You can now view all single trees from the fitted model.

rf.estimators_

Now you can visualize a single tree. The following code visualizes the first decision tree.

fn=data.feature_names

cn=data.target_names

fig, axes = plt.subplots(nrows = 1,ncols = 1,figsize = (4,4), dpi=800)

tree.plot_tree(rf.estimators_[0],

               feature_names = fn, 

               class_names=cn,

               filled = True);

fig.savefig('rf_individualtree.png')

While drawing many trees may be difficult to explain, you may want to explore the diversity across estimators.

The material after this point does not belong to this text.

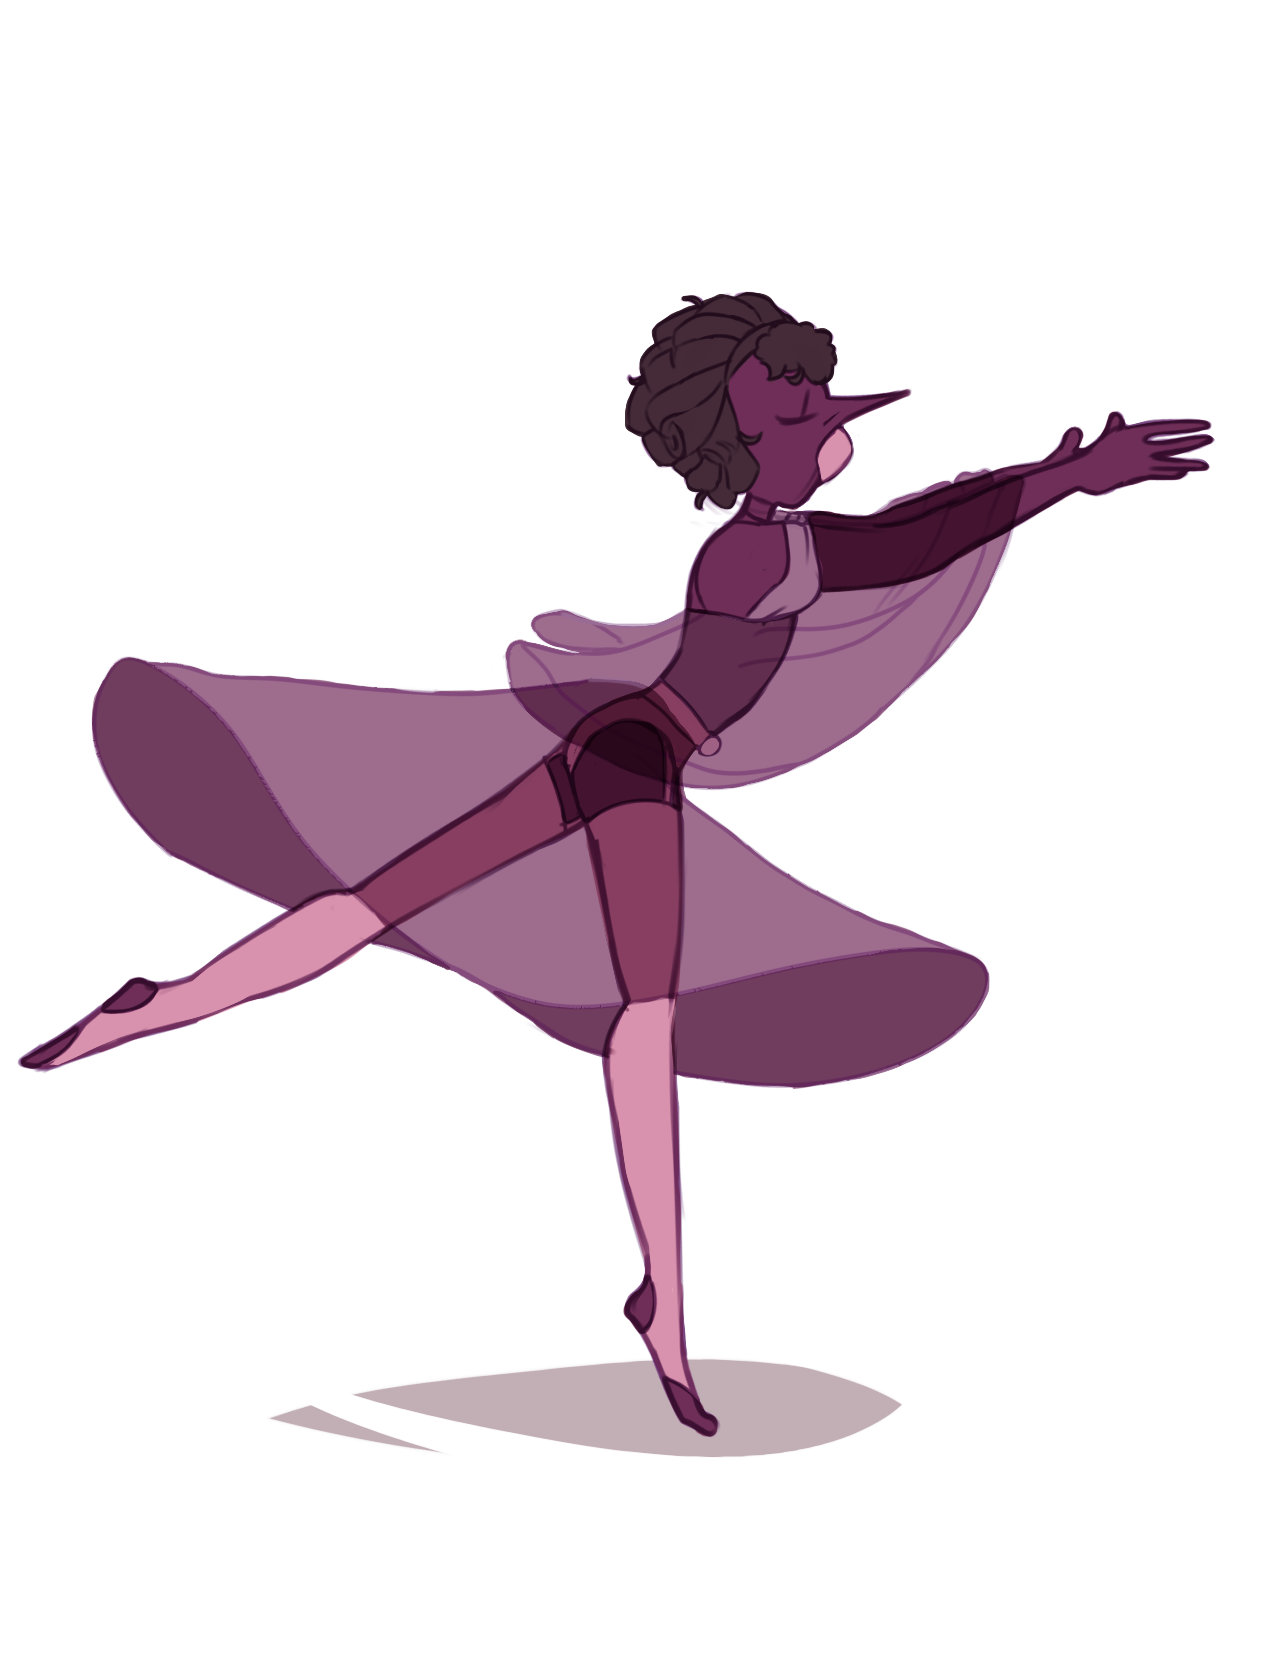 Dance by SmasherlovesBunny500

The following example shows how to visualize the first five decision trees in a forest:

# This may not the best way to view each estimator as it is small

fig, axes = plt.subplots(nrows=1, ncols=5, figsize=(10, 2), dpi=3000)

for index in range(5):

    tree.plot_tree(rf.estimators_[index],

                   feature_names=fn,

                   class_names=cn,

                   filled=True,

                   ax=axes[index])

    axes[index].set_title(f'Estimator: {index}', fontsize=11)

fig.savefig('rf_5trees.png')

in conclusion

Random forests consist of multiple decision trees trained on bootstrap data to achieve better predictive performance than obtained from any individual decision tree. If you have questions or ideas about this tutorial, feel free to go through YouTube or x.